VOTOS DE POBREZA
(Conto de ficção)
Manjedoura
é nome da cidade antiga, fincada naquele sertão quente e acanhado. O topônimo
sugestivo denuncia a religiosidade cristã de seus habitantes, talvez para
amenizar a temperatura ou passar impressão de recanto de paz. A cidade, igual a
quase todas, vive de verbas do Governo Federal. Lugar pobre. Paupérrimo. A
igreja de São José é o centro das atenções, berço de festividades constantes. Lugar
de projeção de políticos e revelação de cantores. Os eventos insistem em dar vida
ao lugar moribundo, exceto de gente e bichos que insistem naquela secura. O
mexerico do momento é sobre uma adutora se arrastando próxima. Quase ninguém
acredita que terá água de torneira.
O
menino João Lucas, ou “Luquinha”, como o chamam, nasceu numa casa de taipa, no povoado
de Lago Seco. Moravam de favor, como sempre reclamava a mãe em seus ápices de
agruras. Passavam muita fome. Ela culpava-se não terem um pedaço de chão. A
propriedade pertencia a um fazendeiro que os instalou ali sob a condição de
plantarem e criarem pequenos animais num perímetro determinado. Era homem bom,
mas sabiam que a qualquer hora a terra seca poderia ser reivindicada sem dó nem
piedade. Eles se valiam da religiosidade do dono. Entendiam que gente que tem
religião faz o que Jesus ensinou. São oito filhos do casal José Bernardo e
Celestina. Cinco deles nasceram ali.
A
criançada cresceu no terreno de arisco, pedras e lajeiros. O caçula vivia
perguntando a mãe por que o final do mundo se mexe igual minhoca. É quentura
meu filho! O sol bota esses engano na gente. Às veis parece que as pranta tão
dançando!
A
família amargava uma espera eterna pela chuva para botar roçado. Os meninos viviam
cutucando locas com Tubarão, cachorro esperto feito o diabo. Assim traziam a
janta de preás que seriam comidos com farinha seca. Nos invernos bons plantavam
feijão, milho, macaxeira, inhame e batata-doce. A colheita ficava guardada num
puxado reservado, mais vazio que cheio. A estiagem era do cão.
A
roça significava a base de sustentação daquela região pobre de quase tudo. Um
compadre, solidário à pobreza da família, doou uma bezerra que já completava
uma década de vida. “Malhada” parecia gente da família. O úbere da pobre
inchava conforme dava capim no leito da lagoa seca há duas léguas do casebre. Era
o único lugar úmido. O cheiro de varjão tinha foros de perfume para quem ali
chegasse.
Malhada
contava com a reverência da família. Era provedora de comida. Muitas vezes se
transformou na única fonte de alimentação. Dela vinha leite, coalhada, manteiga
e até manteiga de garrafa. Muitas vezes a infeliz mastigava apenas uns fiapos de
capim e palmas que mais pareciam folhas secas. Tempo de leite com sangue.
Diferente dos dez litros na chuvarada. As incertezas do lugarejo fabricaram uma
população de cara engelhada a maracujá velho. As pernas lembravam pernas
de sibite, pássaro local, magro como agulha. Eles mesmos se comparavam assim.

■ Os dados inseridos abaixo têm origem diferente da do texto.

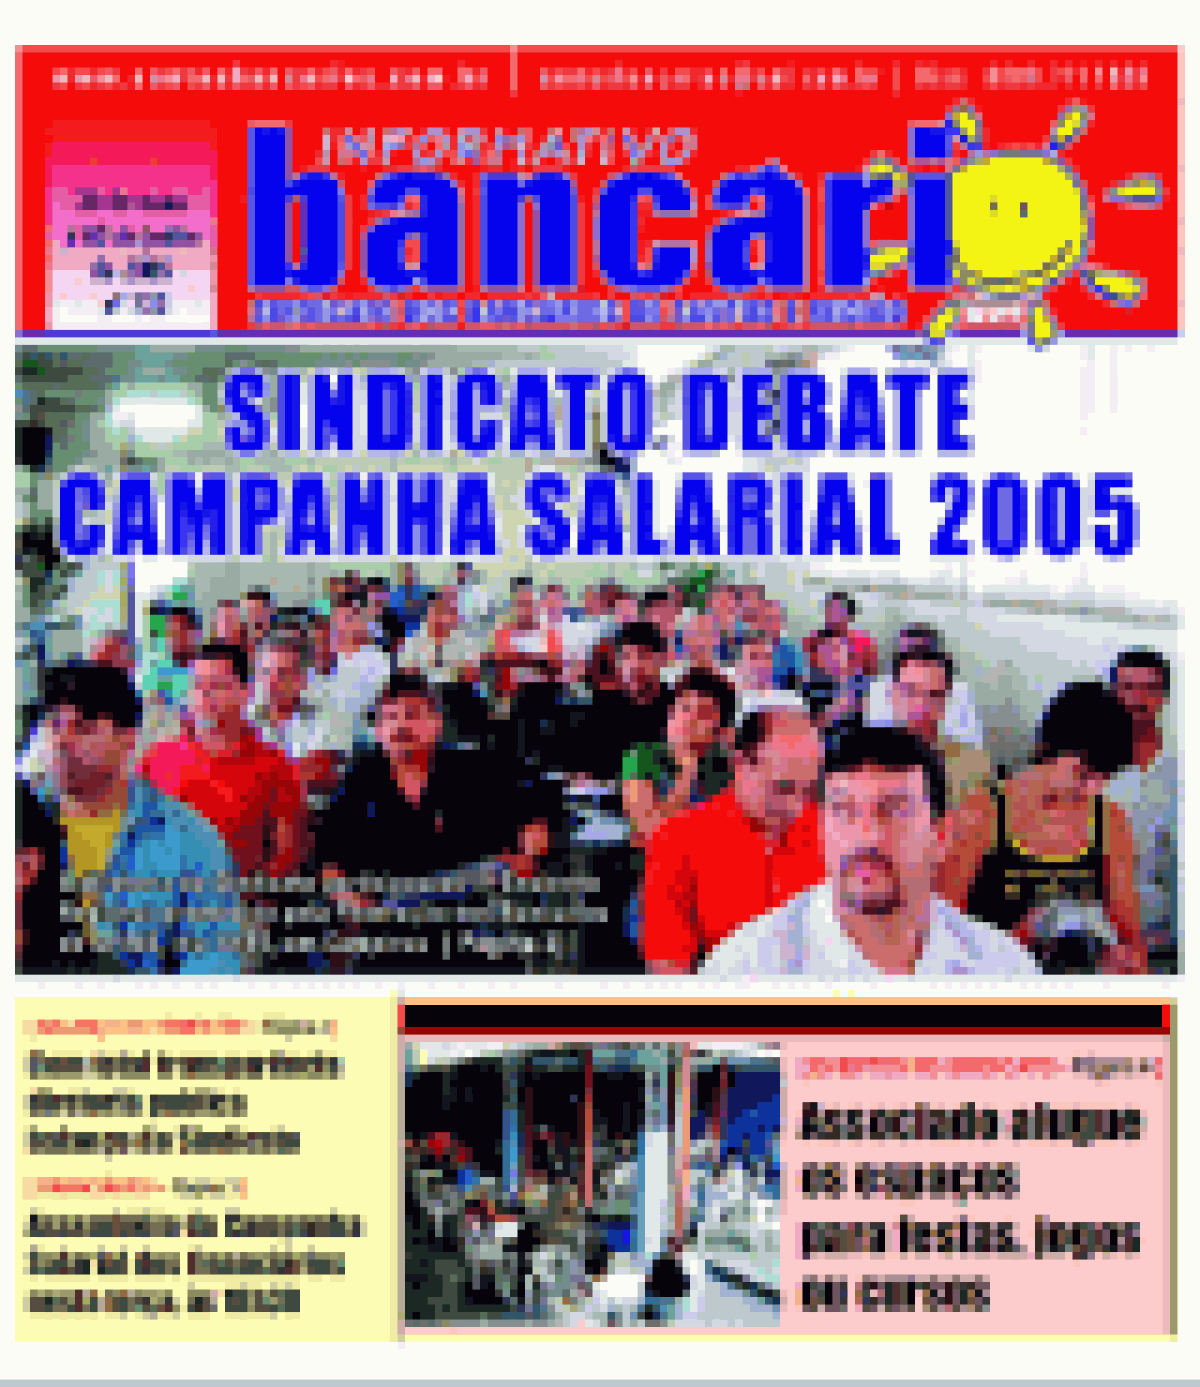 Sindicato debate campanha salarial 2005
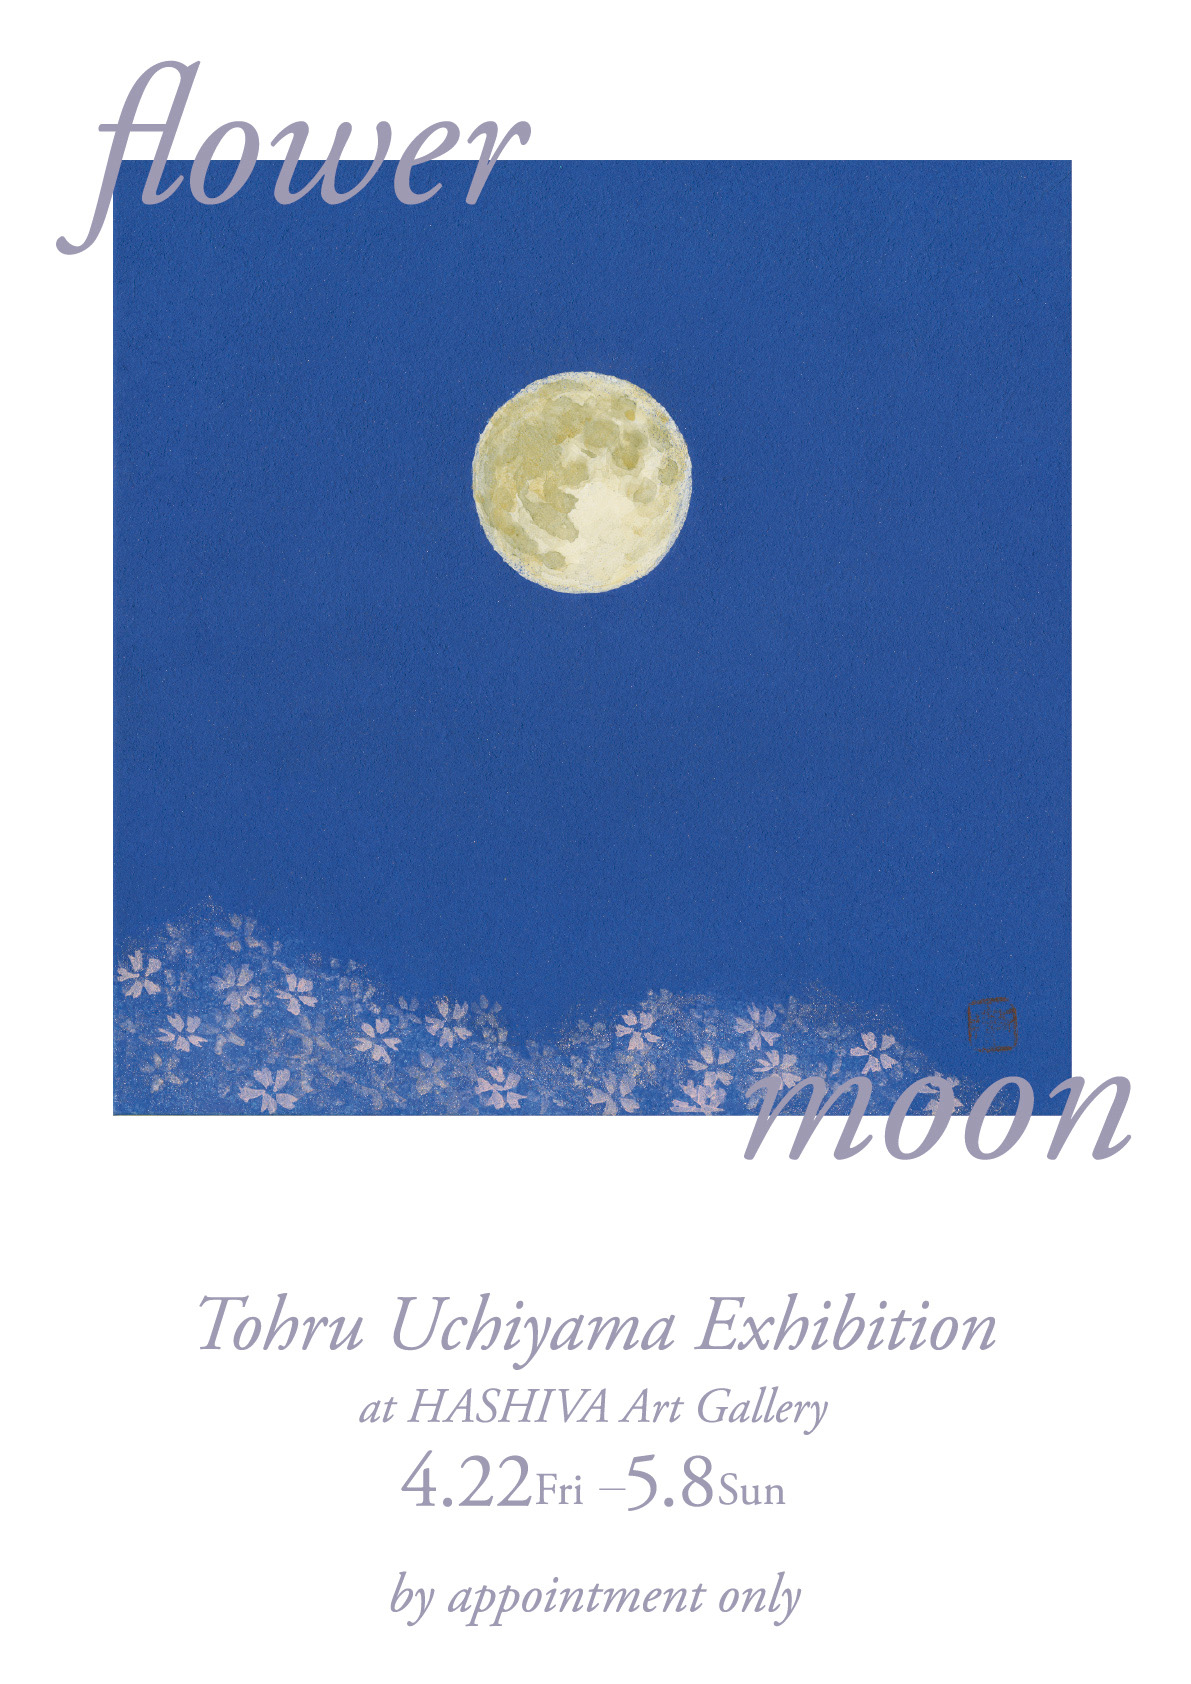 アートギャラリーHASHIVAで開催の日本画家内山徹の個展『flower moon』のポスター

José Bernardo era conhecido na região como “Zé
Bebé”, e não sabia a origem do apelido. Gente estranha que chegasse ali a sua
procura não o localizaria se não descobrisse o apelido. Todos dali só atendiam
por pseudônimos. Era Zé Preá, Tõe de Dona, Noquinha da Rodage, Cara de gato,
Juca tetéu, enfim o nome de batismo era estranhado até pelo vizinho.
O
mais velho dos meninos, Didi, já andava arrastando as asas para os lados de
Filó, cabrinha formosa, filha de João de Iazinha. Os pais não desaprovavam.
Eram pobres iguais. Mas não deixavam de chorar o futuro daquele engate. Pareciam
ter em mãos um bola de cristal. Ali todos cresciam e morriam iguais. Os outros
meninos, com idades em escadaria, ainda não tinham acordado para o amor. Talvez
a vida salobra aquietasse o coração.
Luquinha,
como já foi apresentado, cansado de ter os pés picados por formiga de roça,
jurava um dia ter outra vida. Passava as raras folgas quebrando galhinhos de
juá que lhe ajudavam a pensar vida melhor. Matutava ser tudo. Só não sabia
como. Não entendia por que o dono daquelas terras – que aparecia ali vez em
quando – tinha tanta comida, roupa boa, dispensa coalhada de rapadura, farinha,
feijão, queijo e coisa vinda da capital. Coisas gostosas que ele nem imaginava
o que era, mas queria comer. As visitas do “Coronel Suassuna” tinha ares de
vigilância, como se dissesse só vim lembrar que a terra é minha. Os pais
cobriam o velho de deferências e arreganhados de dentes. A humilhação o
incomodava.
O
velho costumava aparecer numa Chevrolet D-20 do ano. Saltava perfume de dentro
da boleia. Contrastava com a casa velha impregnada de picumã e fumaça do fogão
quase sempre de fogo morto. Os meninos menores rodeavam o carro como se visse
algo divino. Luquinha, que já apresentava um comportamento diferente, sentia
vergonha. A mãe sempre dizia após sua despedida que mais uma vez não havia
botado café para o coronel. Essa realidade torturava a mente de Luquinha.
Naquela
semana houve festa no lugarejo. O novenário de São José antecedia o dia
dezenove, dia do pai de criação de Jesus. Era tempo de se deliciar com café,
bolo de milho, tareco, solda, rapadura e comida de panela. As poncheiras vinham
cheias de suco de frutas da capital. Todos colaboravam, principalmente os ricos
de Lago Seco. As novenas pediam bom inverno. Se chovesse na data significava
março de cumulonimbos.
O
novenário daquele ano trouxe um fato novo para a família de Zé Bebé. Padre
Totonho inventou pedir Luquinha para coroinha da igreja de Manjedoura. A mãe se
balançou. É uma boca a menos pra comer. Ano passado não choveu uma gota do céu.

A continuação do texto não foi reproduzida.